New director of Vital Healthcare’s manager unfazed by fire-at-will clause
By Jenny Ruth
Dec. 10 (BusinessDesk) - Graham Stuart says he isn’t worried that Vital Healthcare Property Trust’s manager can fire him at will after a current review of the manager’s fees has been completed.
Stuart tells BusinessDesk that “I absolutely see scope to change” the management contract owned by NorthWest Healthcare Properties Management “in a way that’s more favourable for unitholders.”
However, he doesn’t see any need to change NorthWest’s rights to fire him.
“I don’t see a need for it. I don’t think that compromises independence. The basis of my independence is in my experience, in my reputation and in my integrity,” Stuart said.
“I don’t think having that threat hanging over me affects my independence – the very act of NorthWest exercising that right would send a pretty awful message to the market.”

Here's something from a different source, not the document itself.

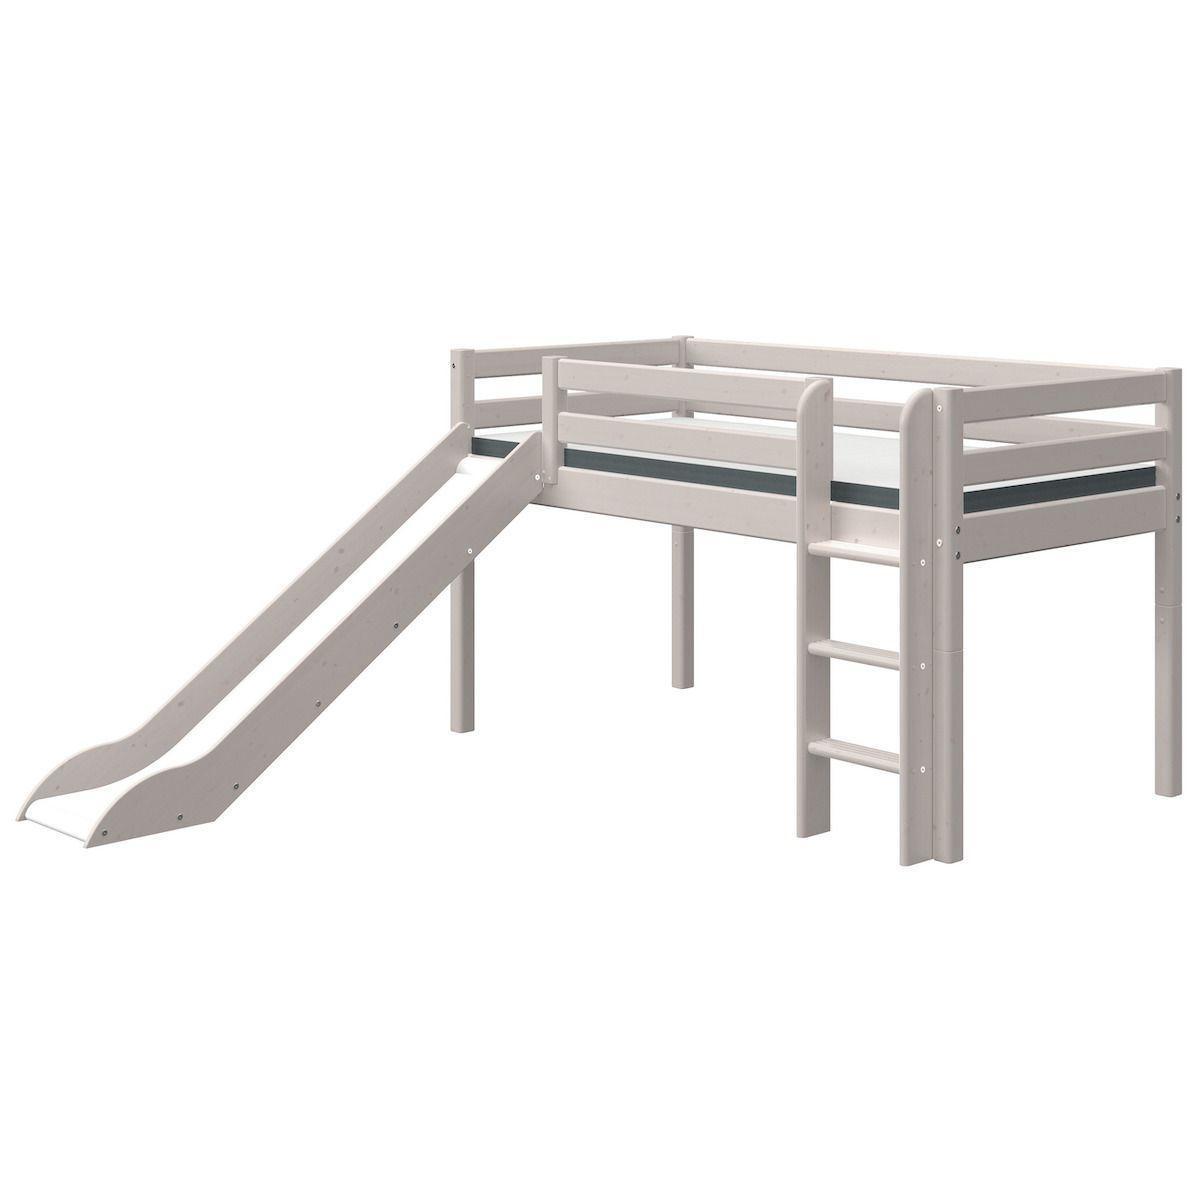 Cama media alta 90x200cm escalera recta-tobogán CLASSIC Flexa grey washed

Stuart has had a high-flying executive career – NorthWest said he is “the outstanding candidate” who was Sealord’s chief executive until 2014 and before that Fonterra’s chief financial officer for seven years.

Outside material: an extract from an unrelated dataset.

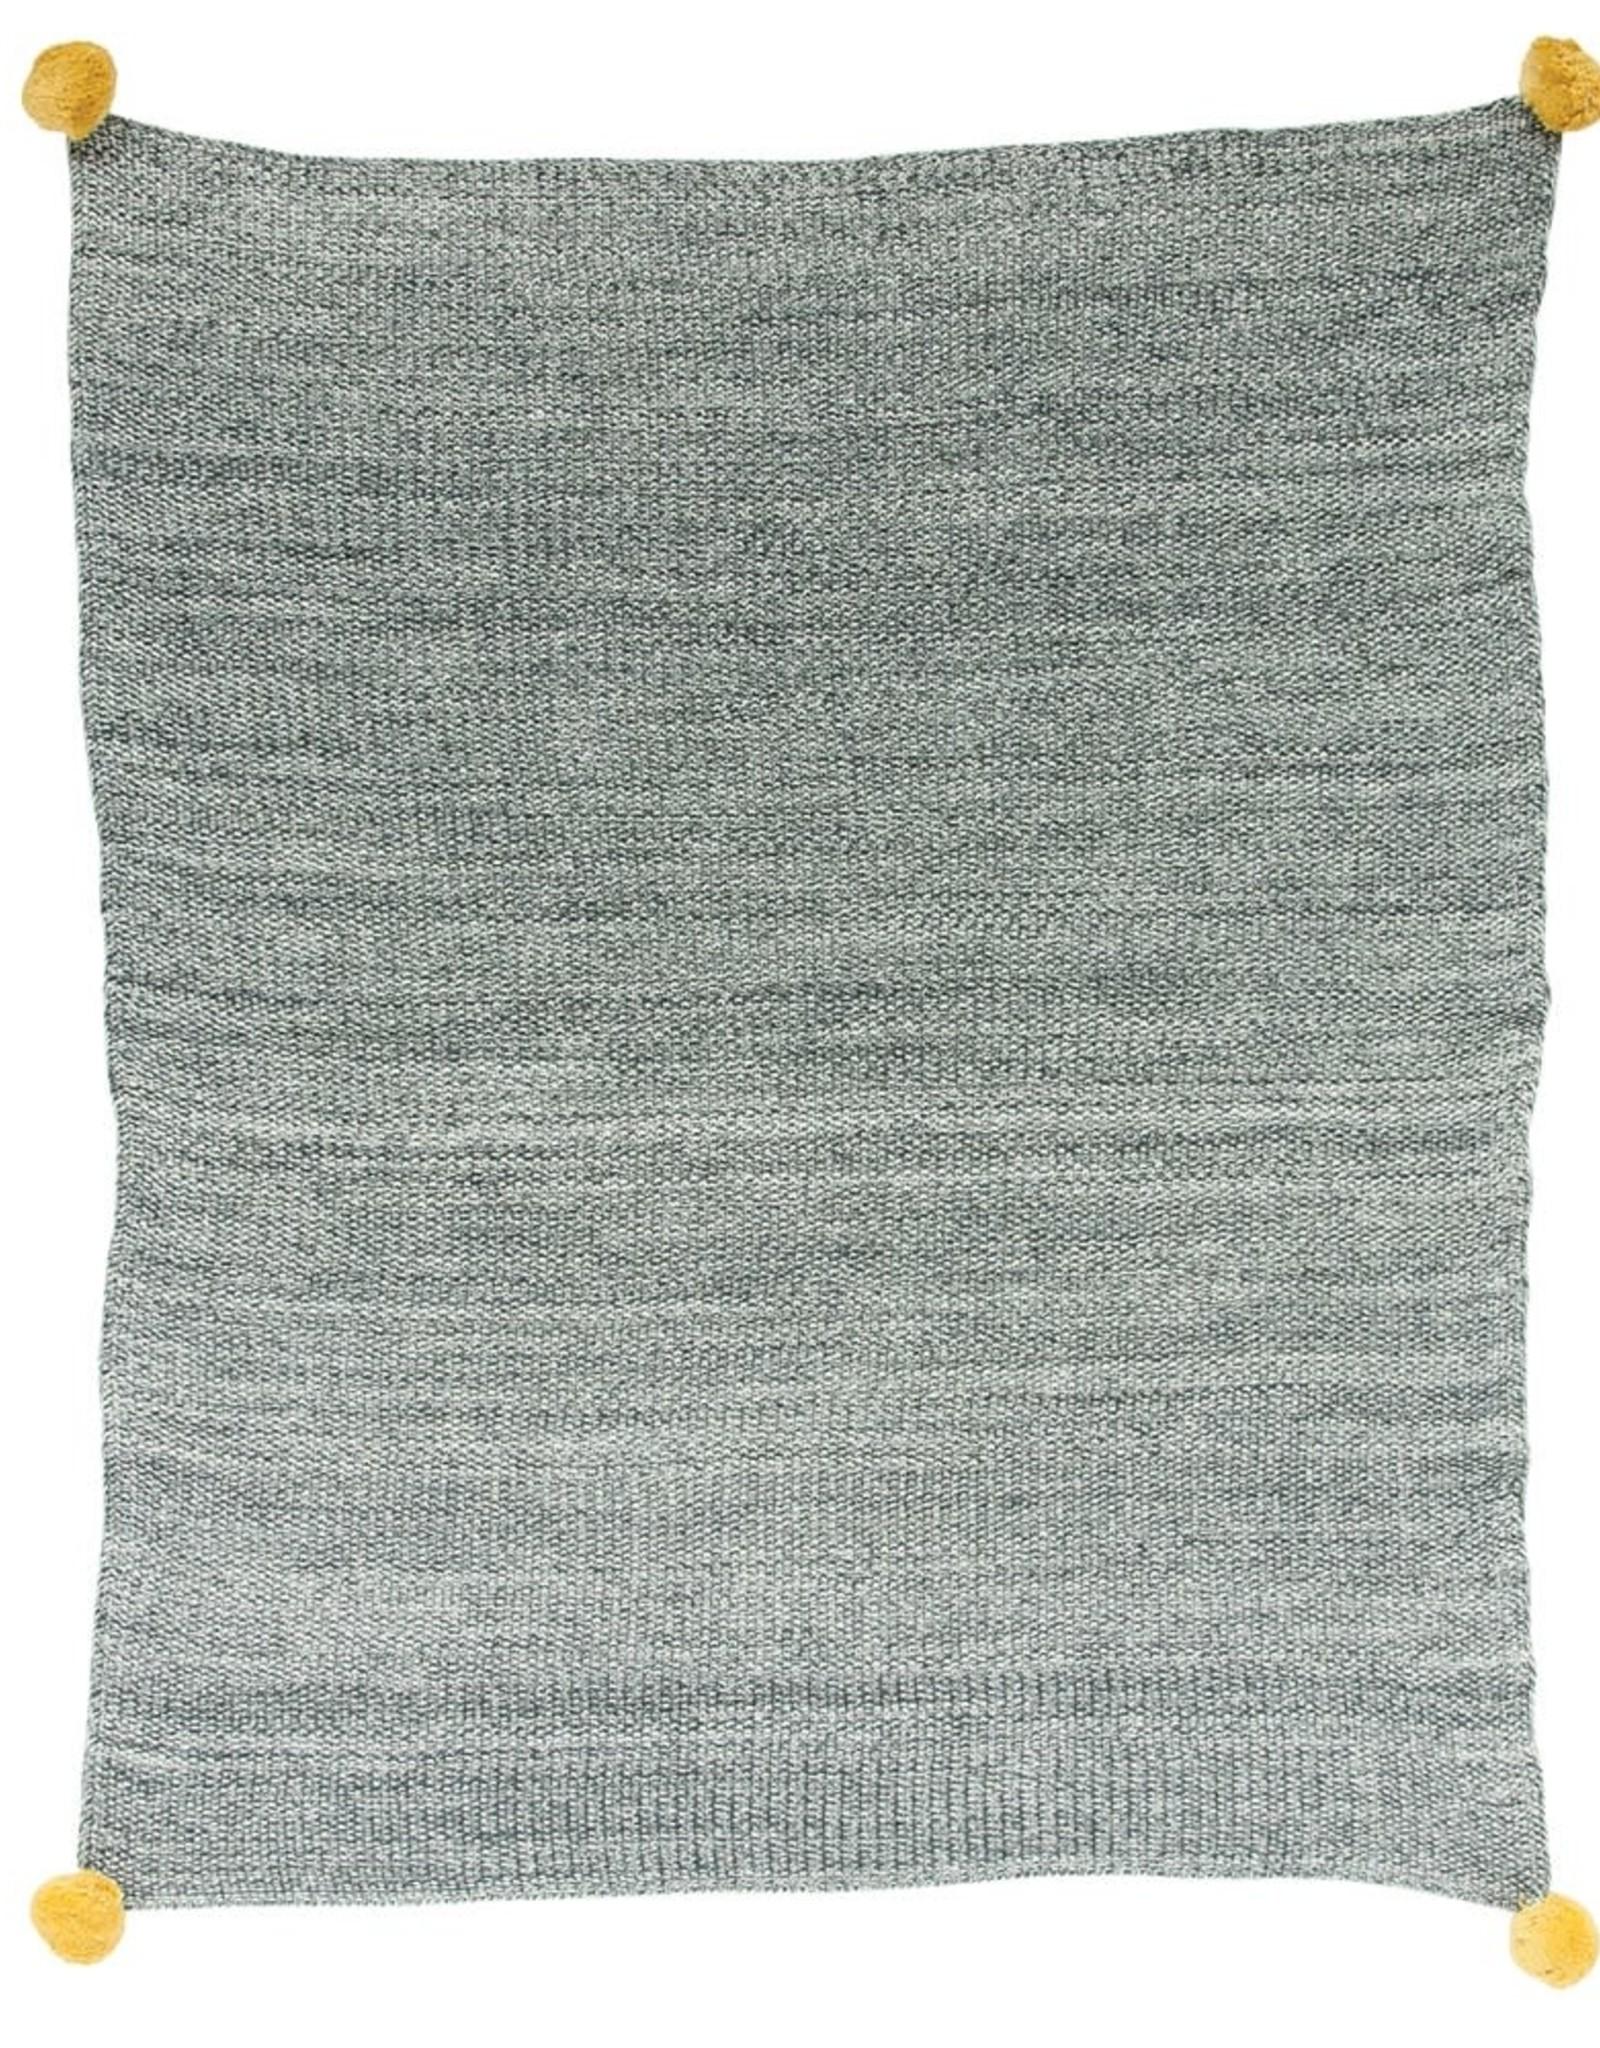 Dark Grey and Yellow Baby Blanket

He is currently chair of Eroad and an independent director and chair of Tower’s audit committee.
What complicates the position Stuart has accepted is that the board he is joining isn’t Vital’s but that of its manager, whose ultimate parent is an eponymous real estate investment trust listed on the Toronto Stock Exchange.
NorthWest announced last month that it will suspend its right to fire independent directors while the full board of the management company reviews the fees paid to itself, contradicting its own board charter which says such a review should be conducted by the independent directors.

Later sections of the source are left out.